Dataset records:
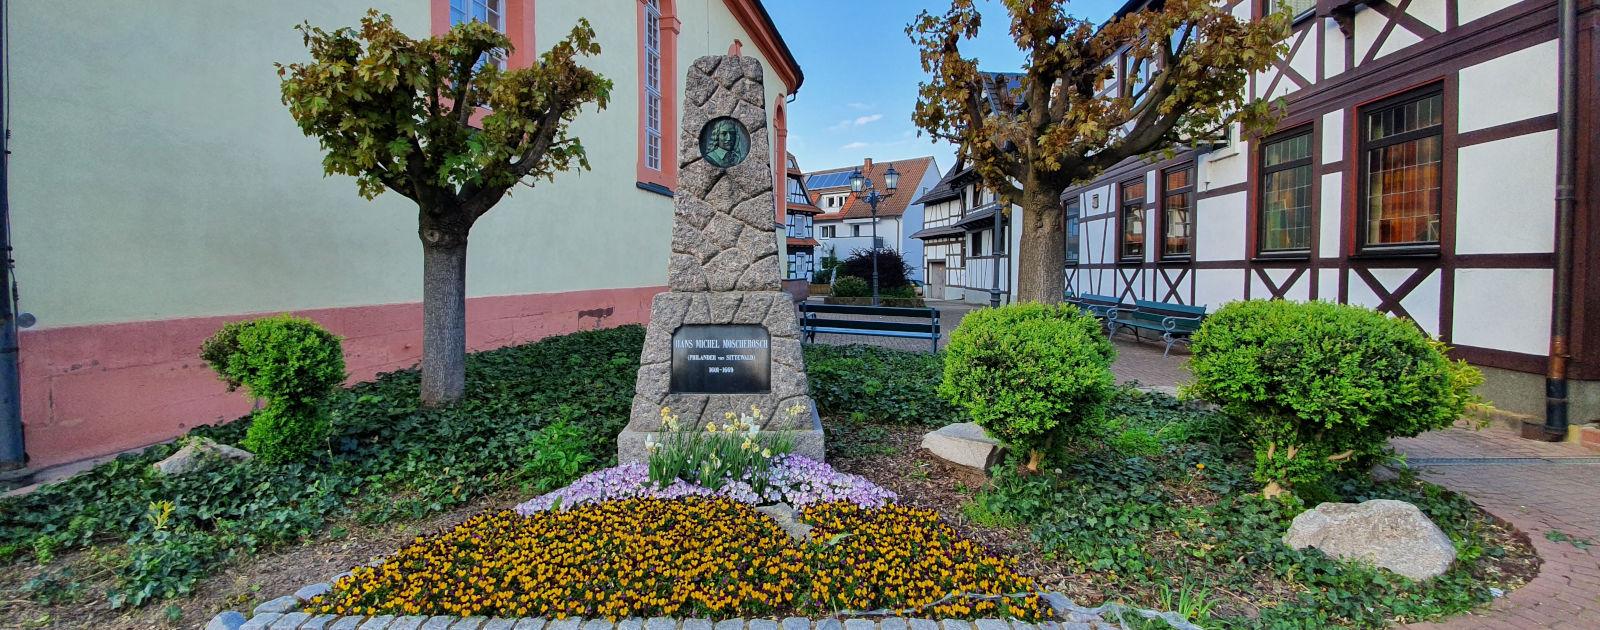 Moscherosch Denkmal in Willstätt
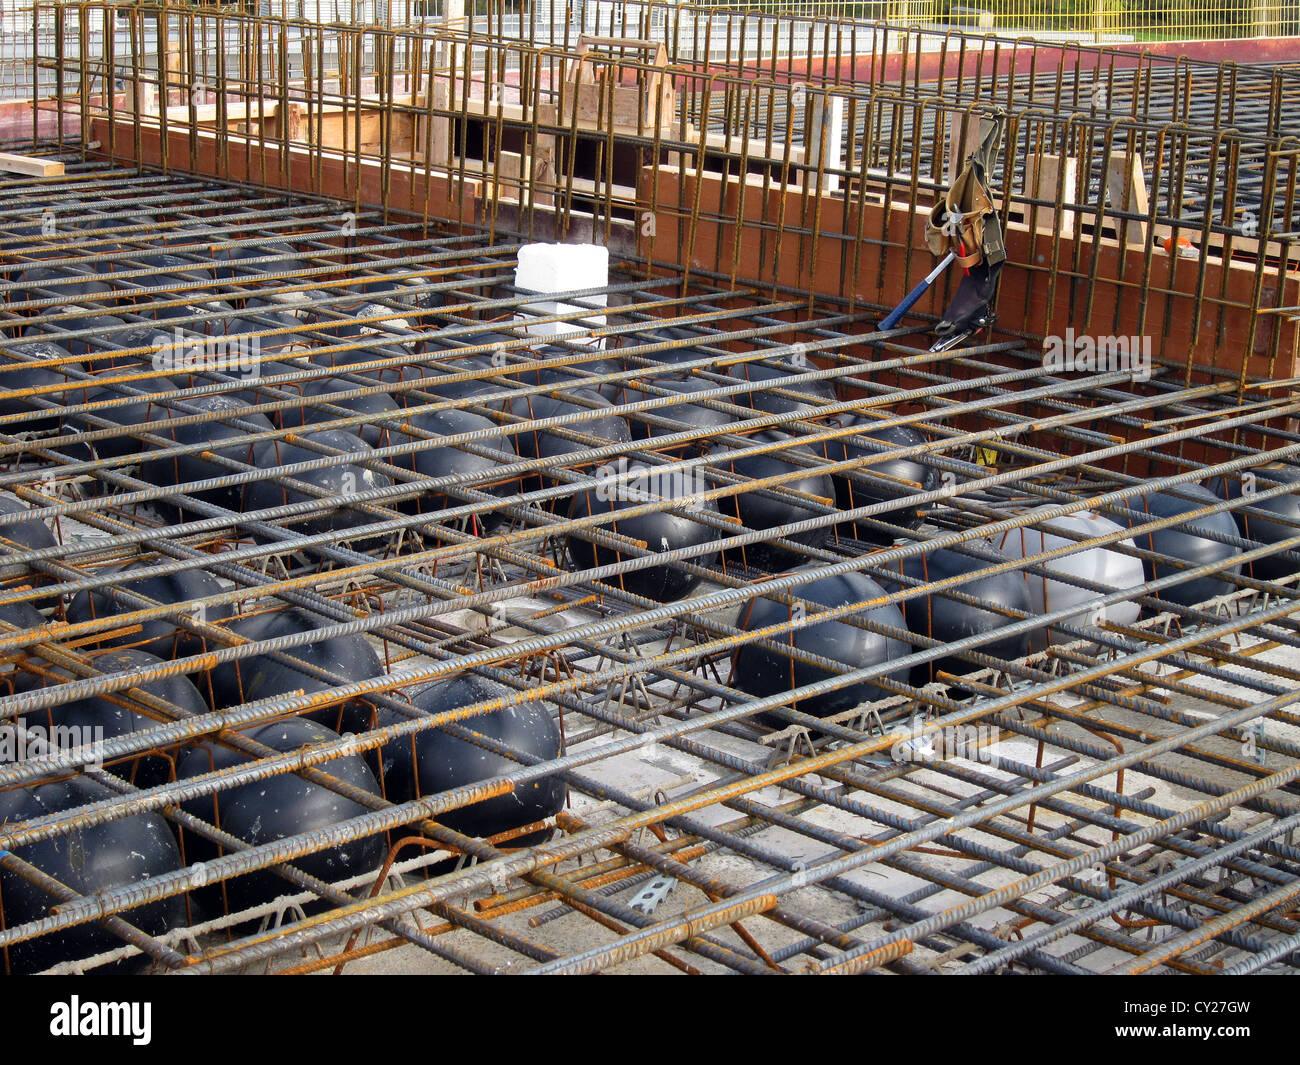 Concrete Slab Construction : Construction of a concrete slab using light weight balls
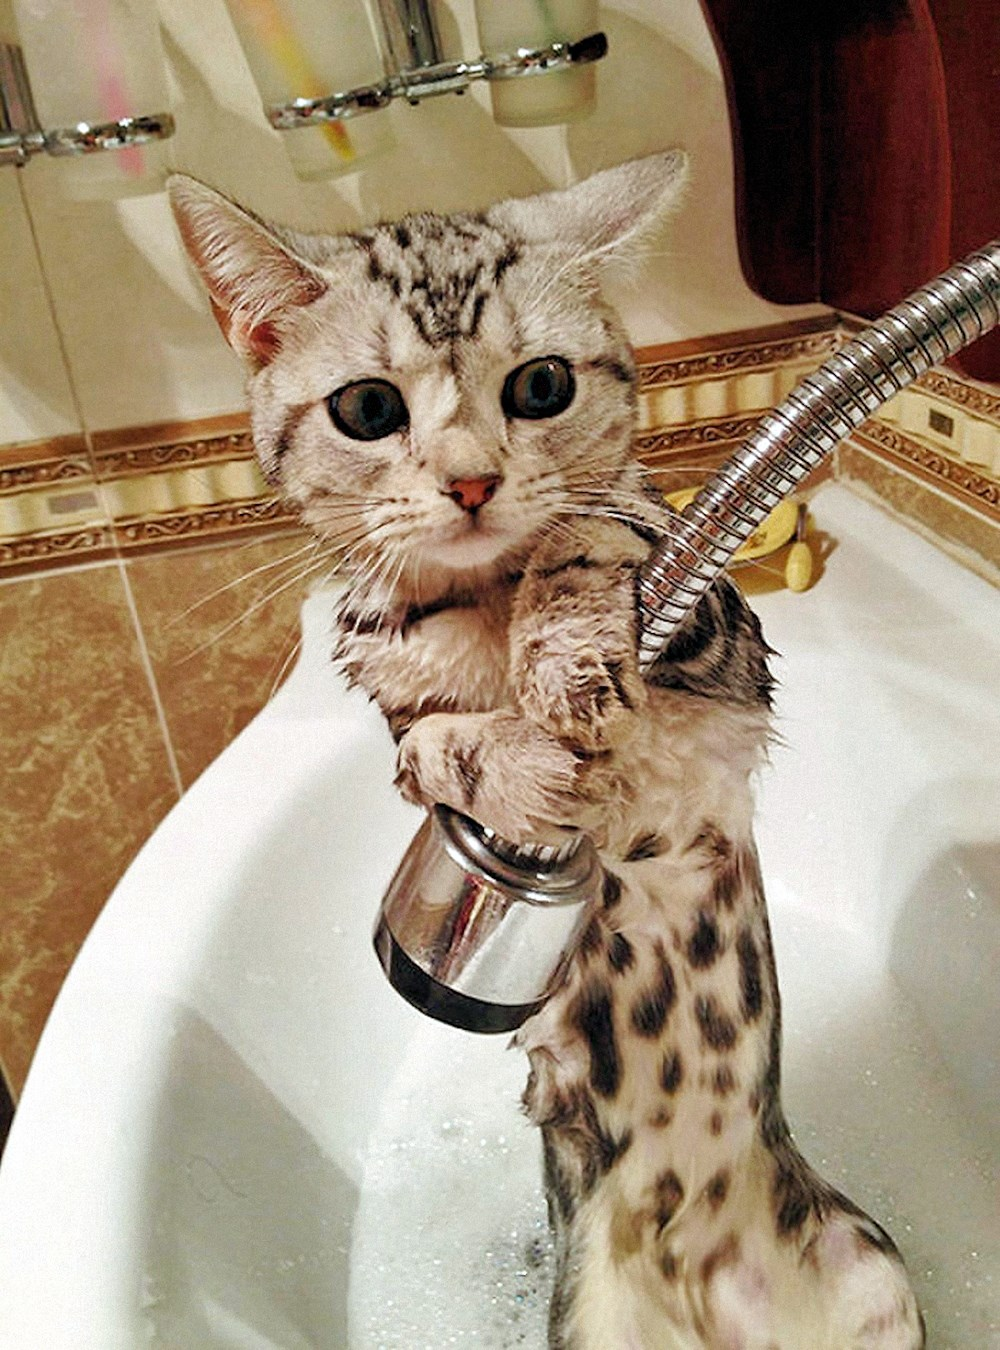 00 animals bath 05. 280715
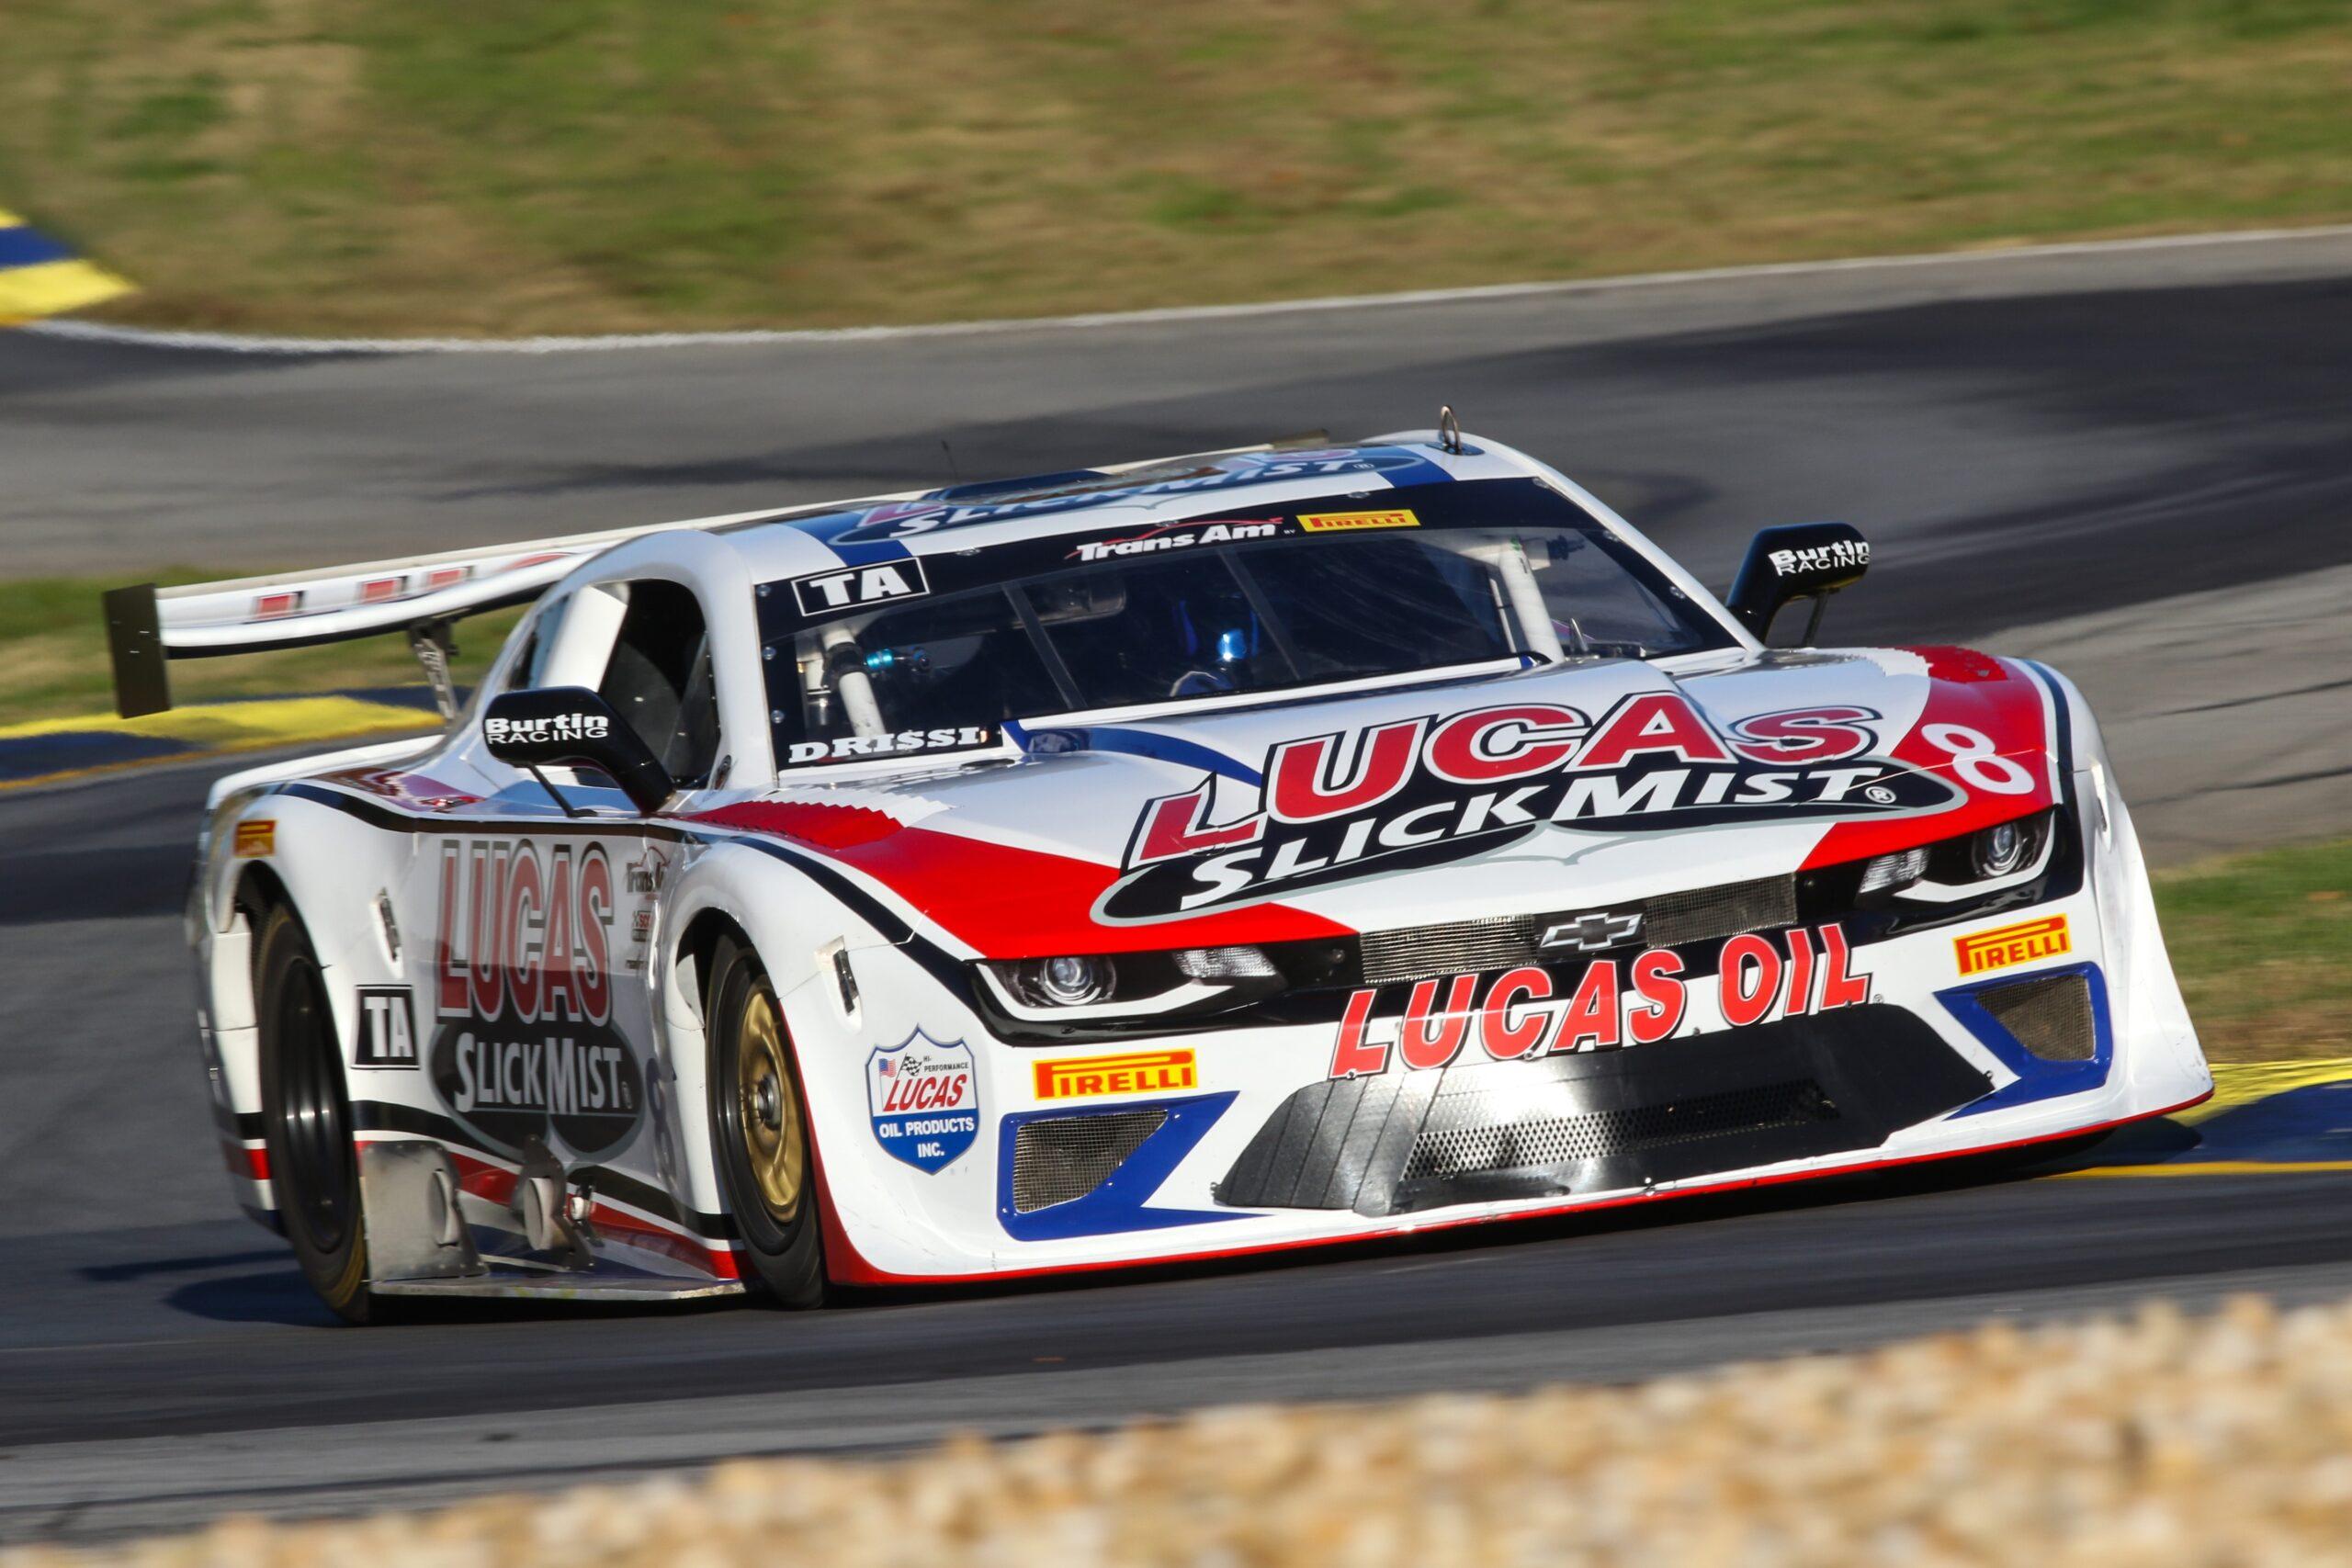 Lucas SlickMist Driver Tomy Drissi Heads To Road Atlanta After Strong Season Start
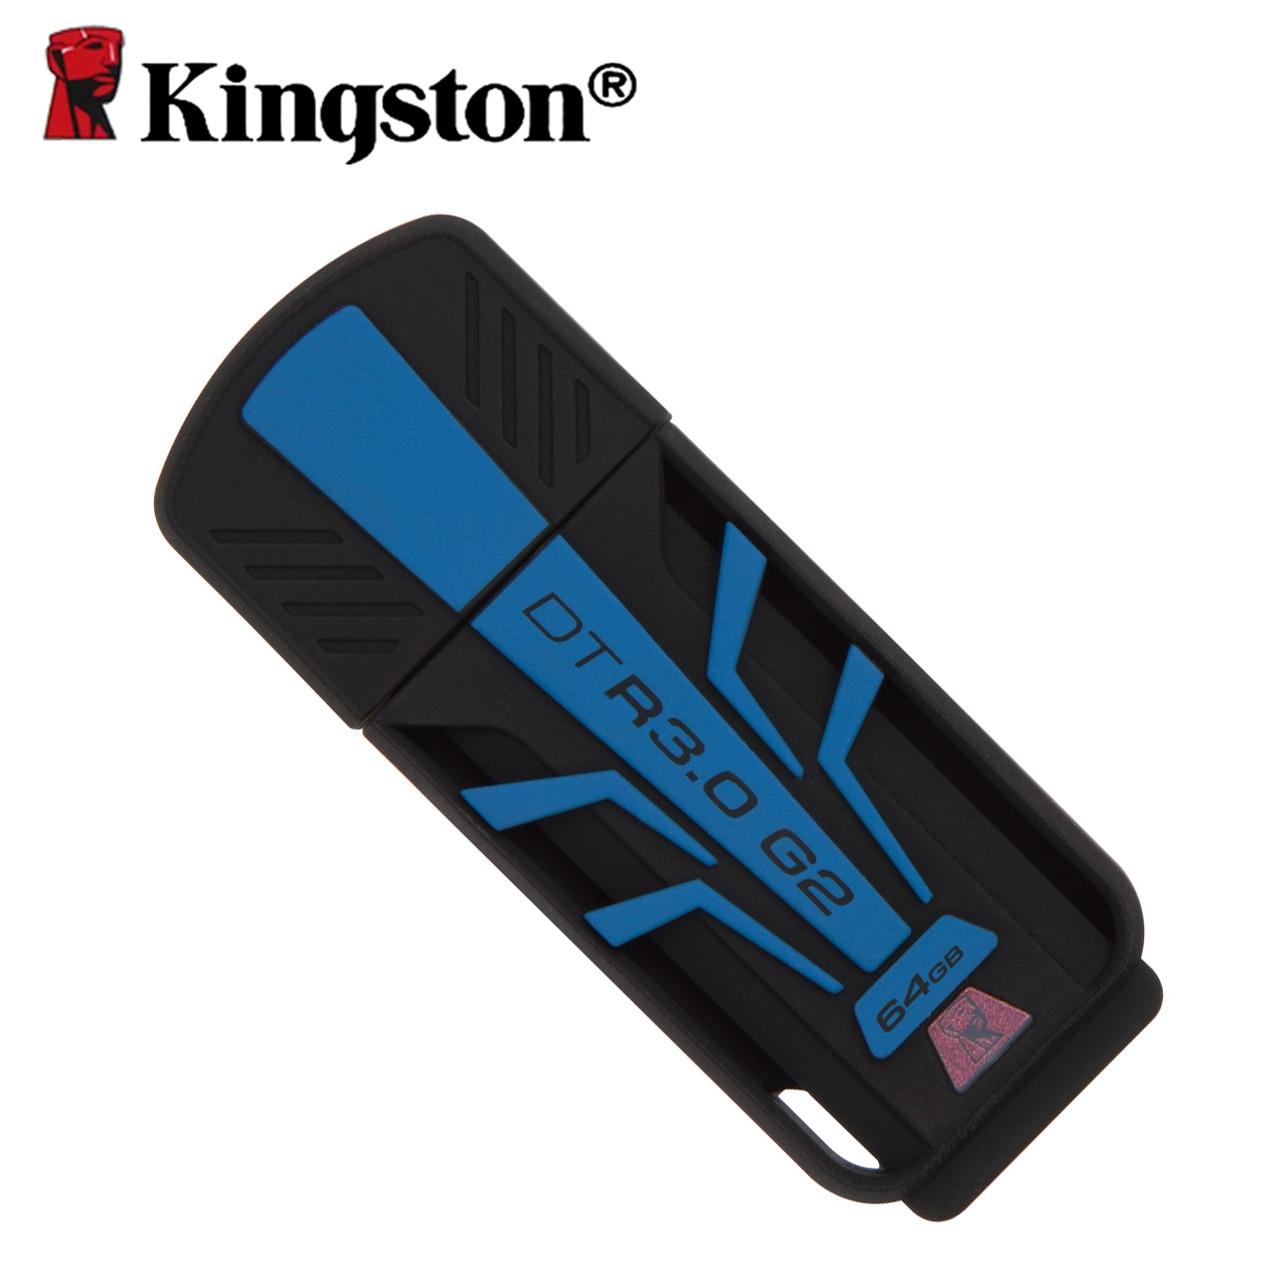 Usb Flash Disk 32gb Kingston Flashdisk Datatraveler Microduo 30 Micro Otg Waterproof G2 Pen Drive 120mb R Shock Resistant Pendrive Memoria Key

Exercise directions: Please retype exactly the lines from the one containing "00 animals bath 05. 280715" to the last line of the records above, both included, without any pictures.

Answer space:
 00 animals bath 05. 280715
 Lucas SlickMist Driver Tomy Drissi Heads To Road Atlanta After Strong Season Start
 Usb Flash Disk 32gb Kingston Flashdisk Datatraveler Microduo 30 Micro Otg Waterproof G2 Pen Drive 120mb R Shock Resistant Pendrive Memoria Key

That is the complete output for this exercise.